Before the latest software changes, you used to be able to just hover over the Alerts notifications and see what responses you had got.
Now you have to click on the notifier before you can see anything, which seems a backwards step to me.


----------



## Pat "5mph" (2 Oct 2019)

Yes, you have a point.
I will relay this to Shaun, thanks for reporting it.


----------



## Shaun (7 Oct 2019)

SkipdiverJohn said:


> Before the latest software changes, you used to be able to just hover over the Alerts notifications and see what responses you had got.
> Now you have to click on the notifier before you can see anything, which seems a backwards step to me.


This was a developer decision based on the fact that hover isn't available on mobile devices and a big part of the redevelopment focus was on an improved mobile experience.


----------



## SkipdiverJohn (8 Oct 2019)

Thanks for the explanation, I was wondering about the point of the site upgrade, because as primarily a laptop user I haven't really noticed anything that works any better since the changes, other than possibly marginally faster page loading times. 
Although I sometimes view the Forum via a smartphone, I never use it for making posts, because small screen mobile devices are a complete PITA to write text on and just more trouble than they are worth.

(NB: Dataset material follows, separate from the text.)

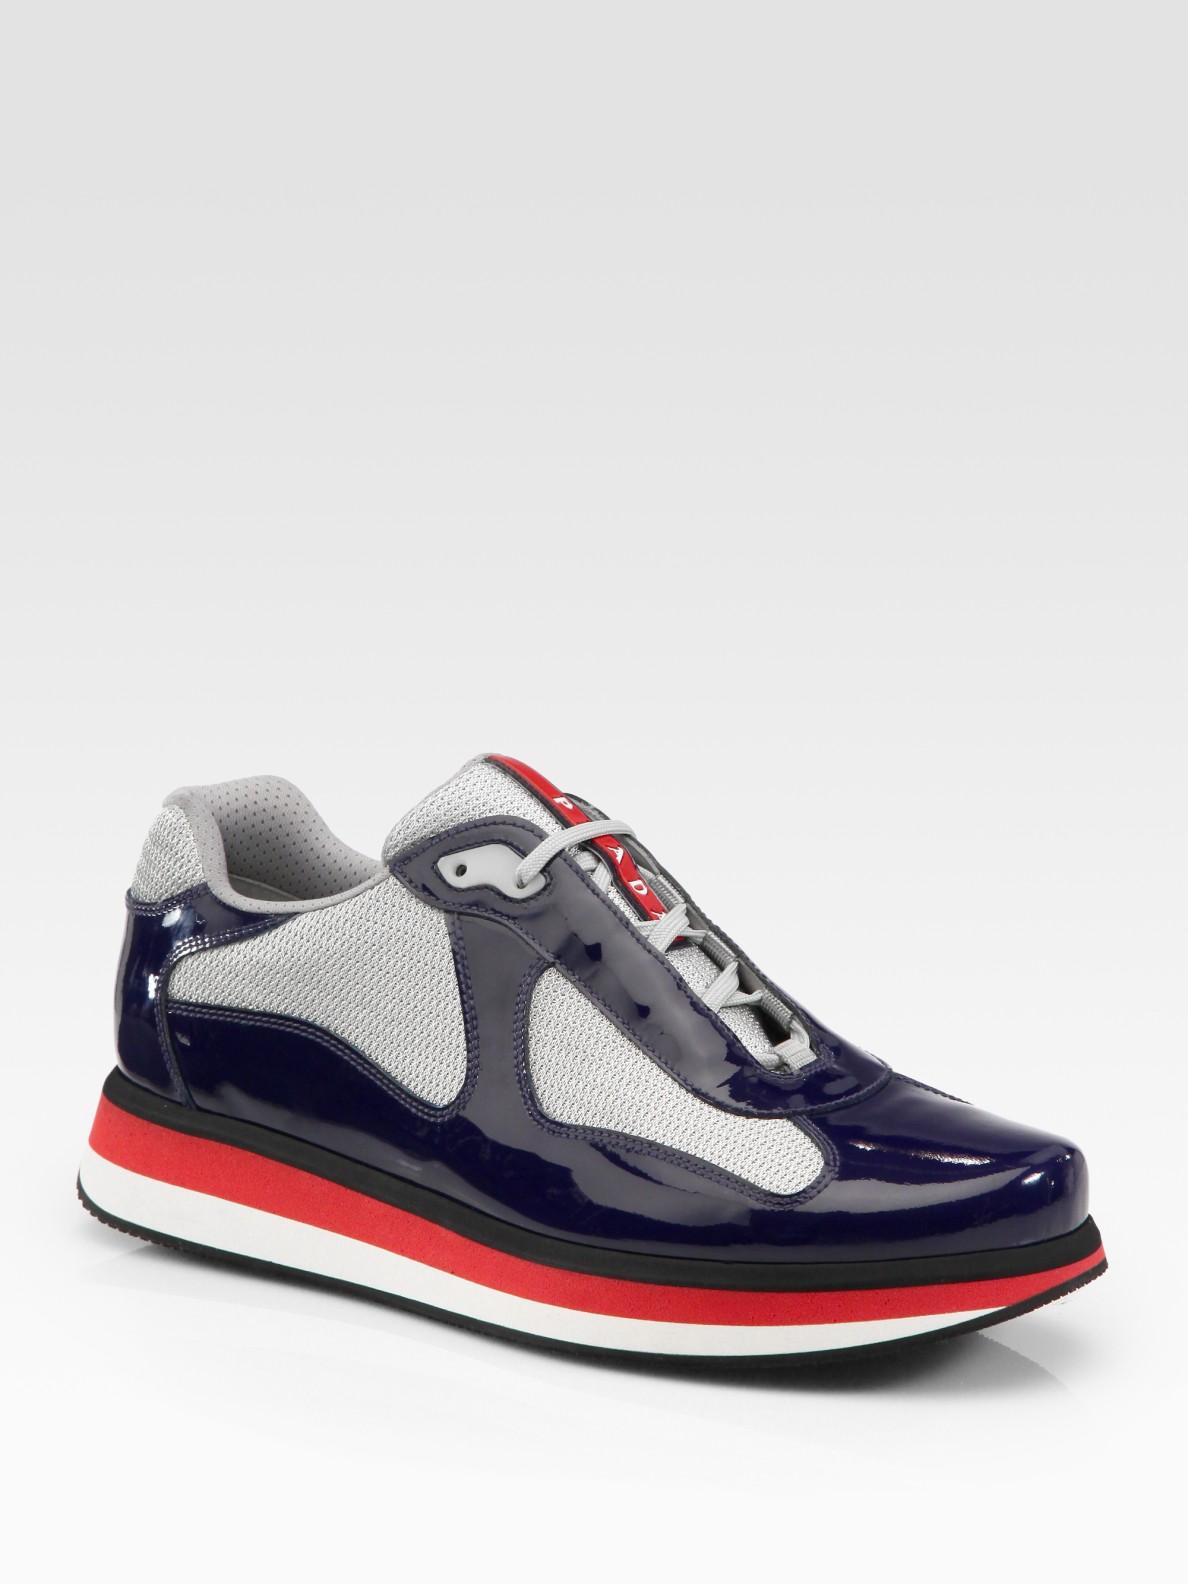 Prada Shoes Mens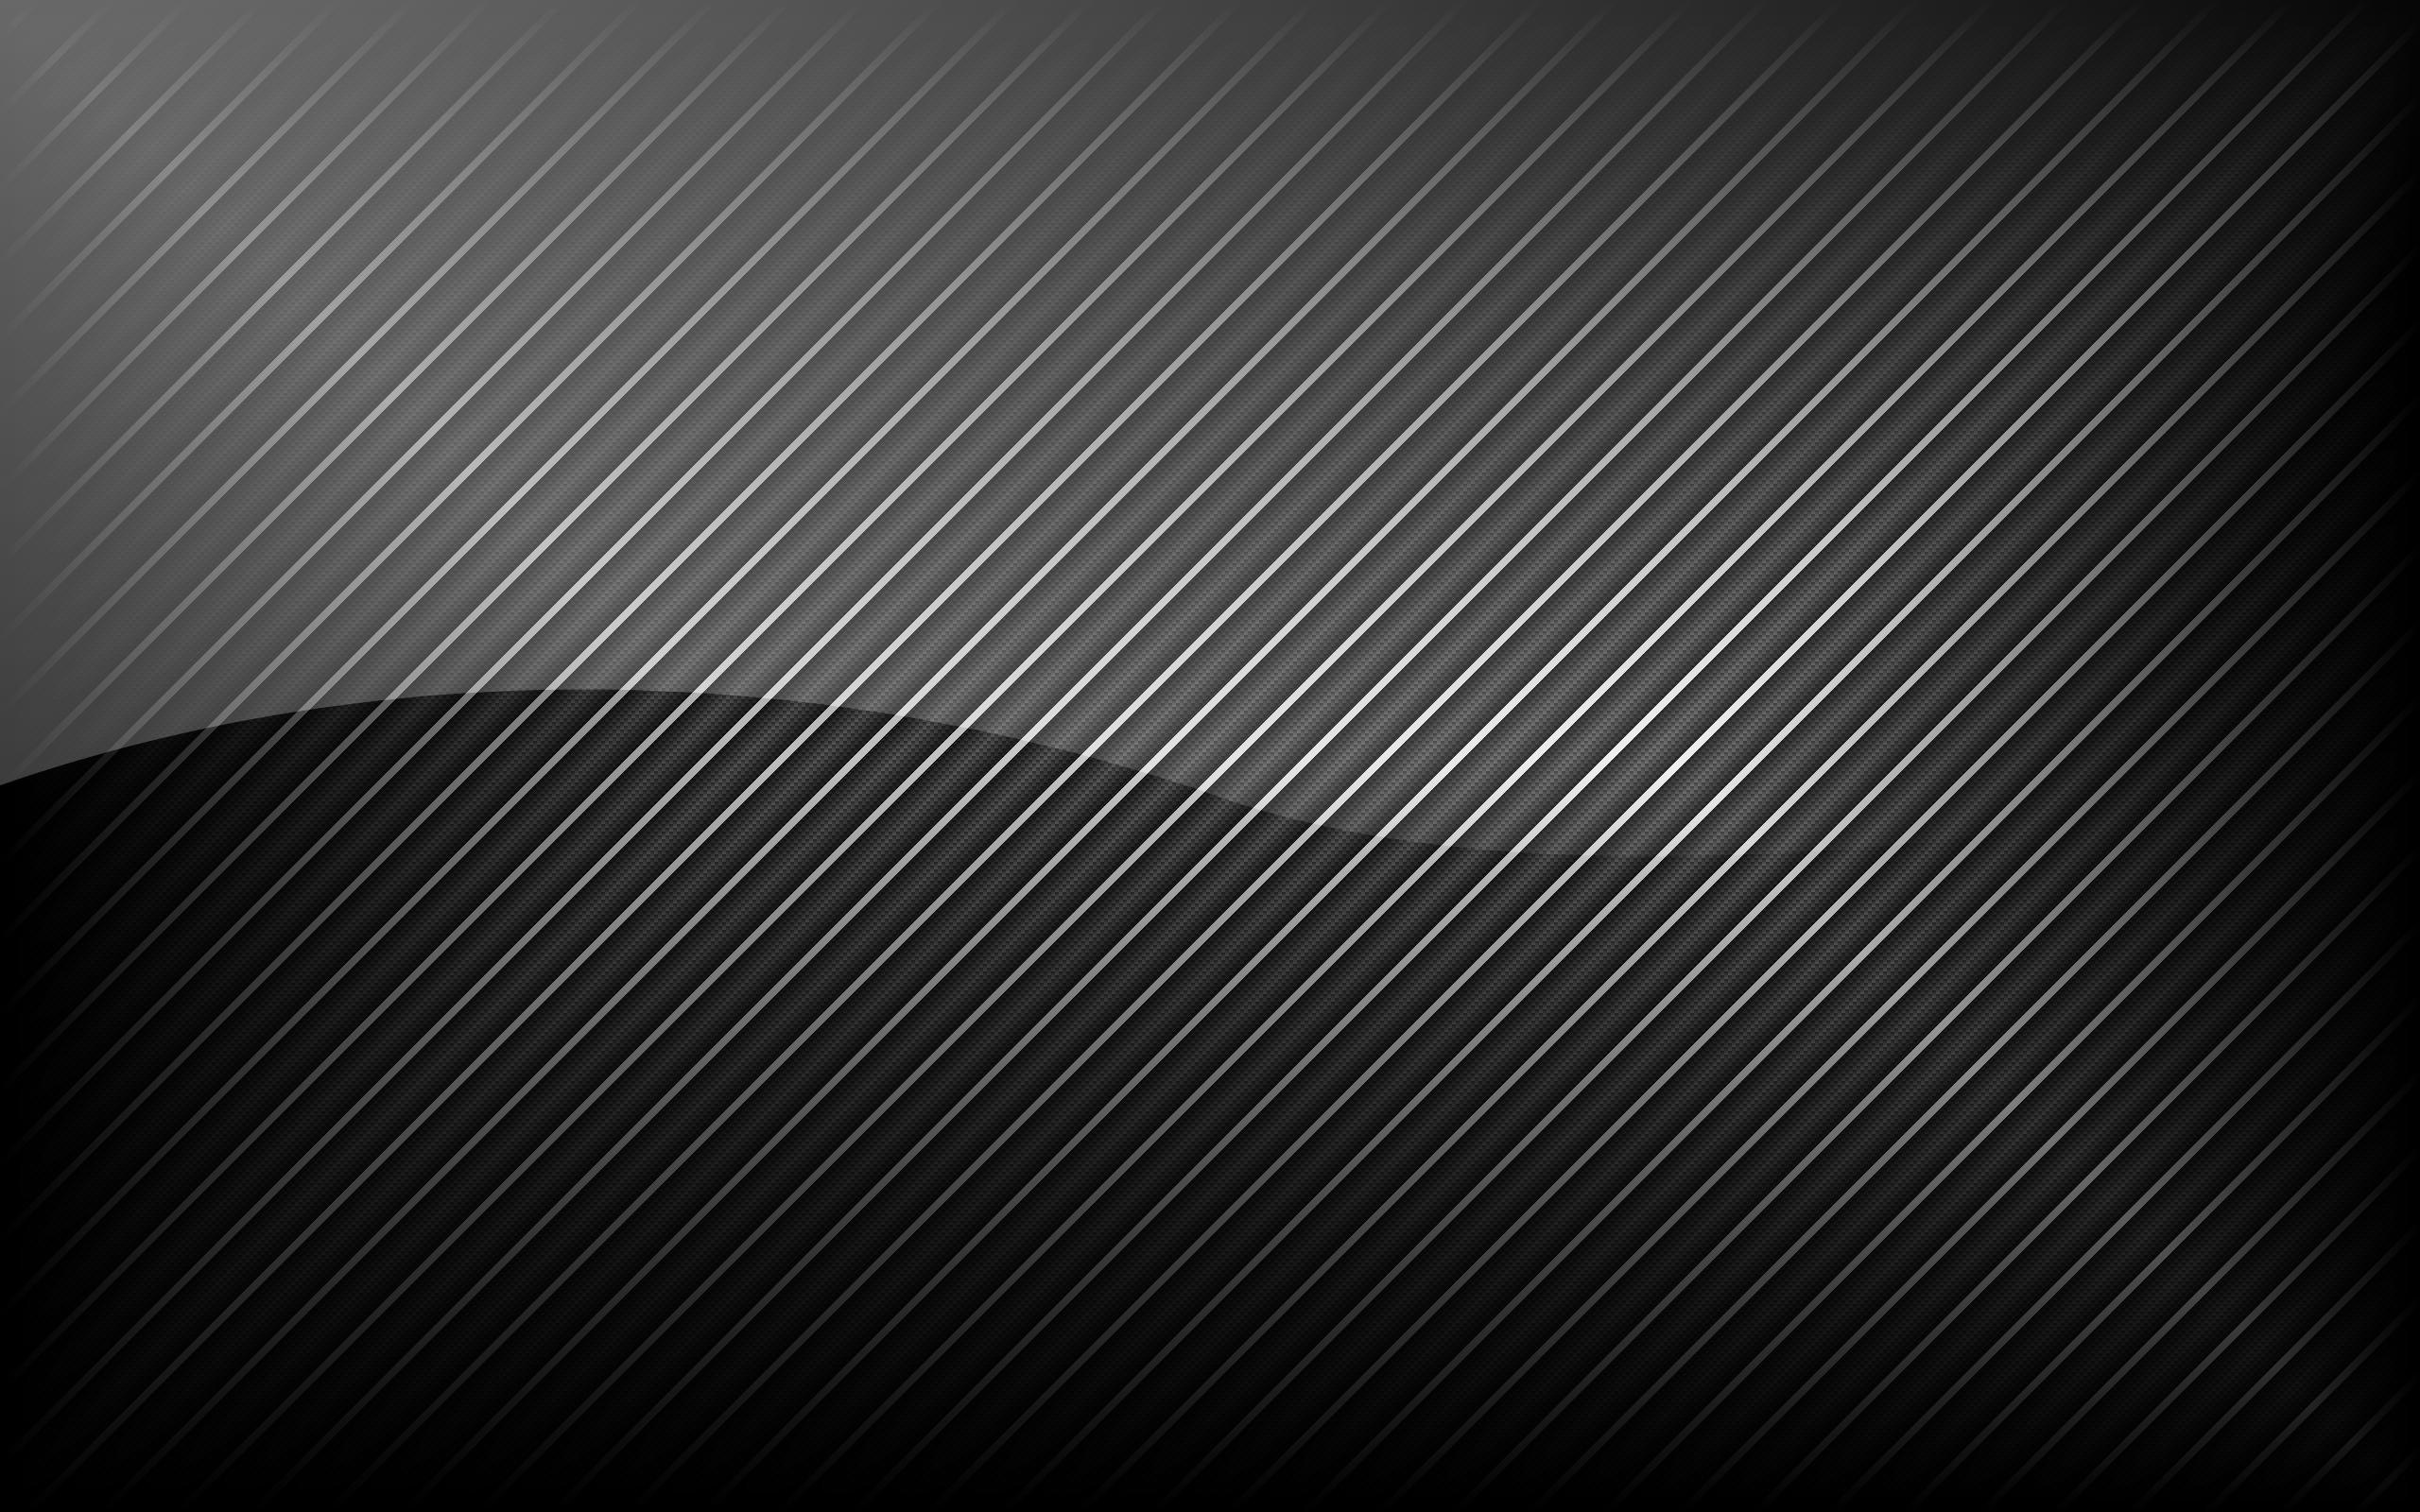 Carbon Fibre Wallpaper ·① WallpaperTag

I would suspect the vast majority of Forum members also post from a laptop or desktop PC, rather than a phone for the same reason. TBH, the Forum still looks pretty much the same viewed from my phone too.


----------



## DaveReading (12 Oct 2019)

Have to admit that I've been missing that feature, too.


----------



## Sea of vapours (12 Oct 2019)

Ditto the above. Reducing functionality to cater for inadequate devices - aka dumbing down - seems a somewhat retrograde step.


----------